Your system webview is for in app usage. You aren't browsing the web using your system webview (generally). You can't blend into a crowd if you have no anti-fingerprinting. Firefox does this through RFP by normalizing settings between users, and on mobile there is partial support for screen size normalization through letterboxing. Vanadium isn't special, it is hardened chromium with some specific patches. You cannot form a crowd without special a lot of anti-fingerprint patching. See my other comment for details.
Firefox is missing per-site process isolation. This is theoretical an attack vector in the presence of multiple other major vulnerabilities. It has never been shown to be an attack vector in real world vulnerabilities. Don't call Firefox's sandboxing crap if you don't know why people have said that.
Anti-fingerprinting? By blocking javascript which the half-hearted privacy users can never afford? hahahahaha. Even privacy projects spread dirty javascripts.
Anti-fingerprinting isn't as simple as blocking JavaScript. There are dozens of other parameters. You can fingerprint with pure CSS. When I say anti-fingerprinting is necessary for a crowd, I am referring to data normalization. Like Firefox's Resistant Fingerprinting and letterboxing. I find most of RFP's effects unobtrusive, but it always for a crowd to form in specialized cases. Only Tor browser and Mullvad can reasonably form a crowd.
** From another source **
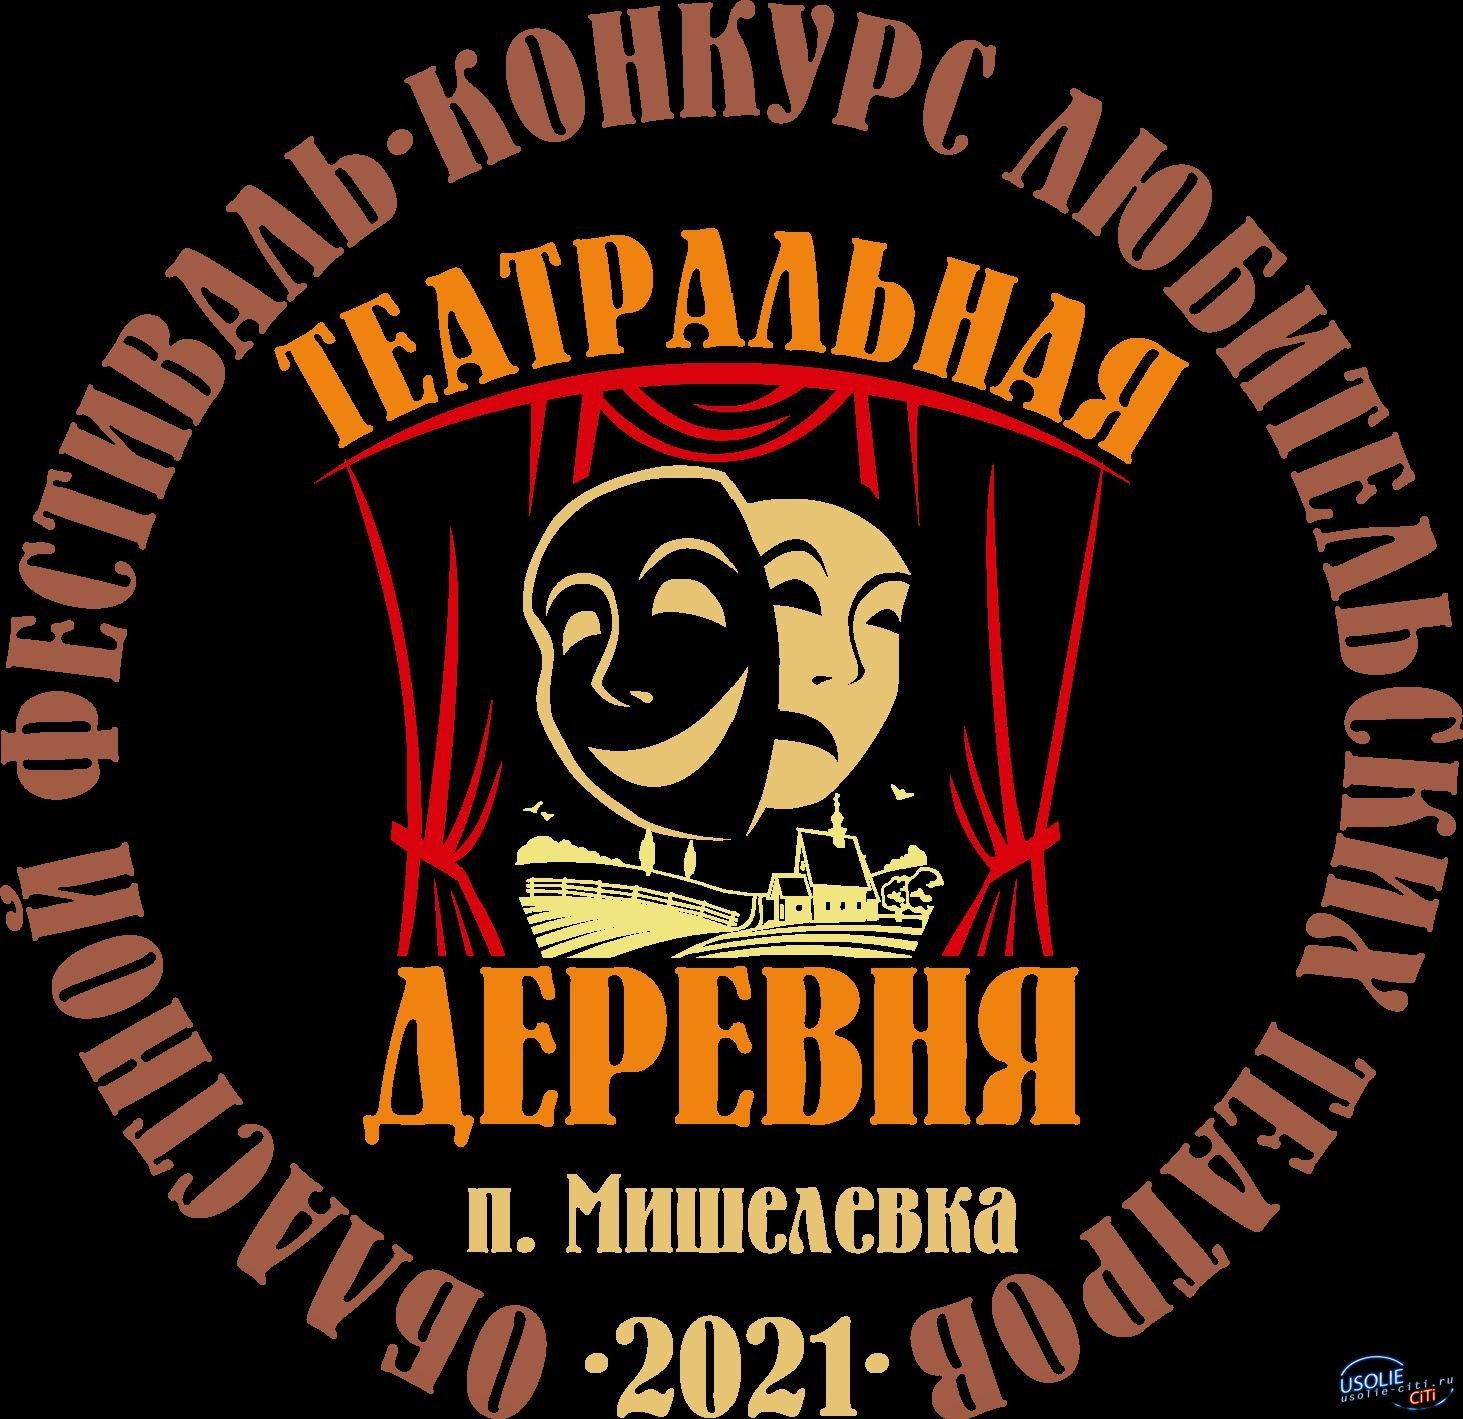 В Мишелёвку Усольского района съедутся театральные коллективы области

I dont know what you mean by privacy projects spreading dirty JS. I recommend you read up on actual anti-fingerprinting techniques. Your knowledge of anti/fingerprinting seems limited. Basic anti-fingerprinting is necessary on the modern web, same thing with a content blocker. Security and privacy sometimes come at the cost of convenience, but not always.
They are using js in their websites
I read your source and am not convinced. While I do agree that piling on modifications is often fruitless and counterintuitive, Vanadium doesn't have the Fingerprinting protection necessary to create a crowd. At best it can create many islands of crowd for each physical device graphene supports, for each version of the software installed, and only assuming all other method of fingerprinting don't work (for some reason theoretically for the sake of this best case scenario). Read cromite's patch list to see some of the changes needed to produce basic anti-fingerprinting (still not good enough to create a crowd).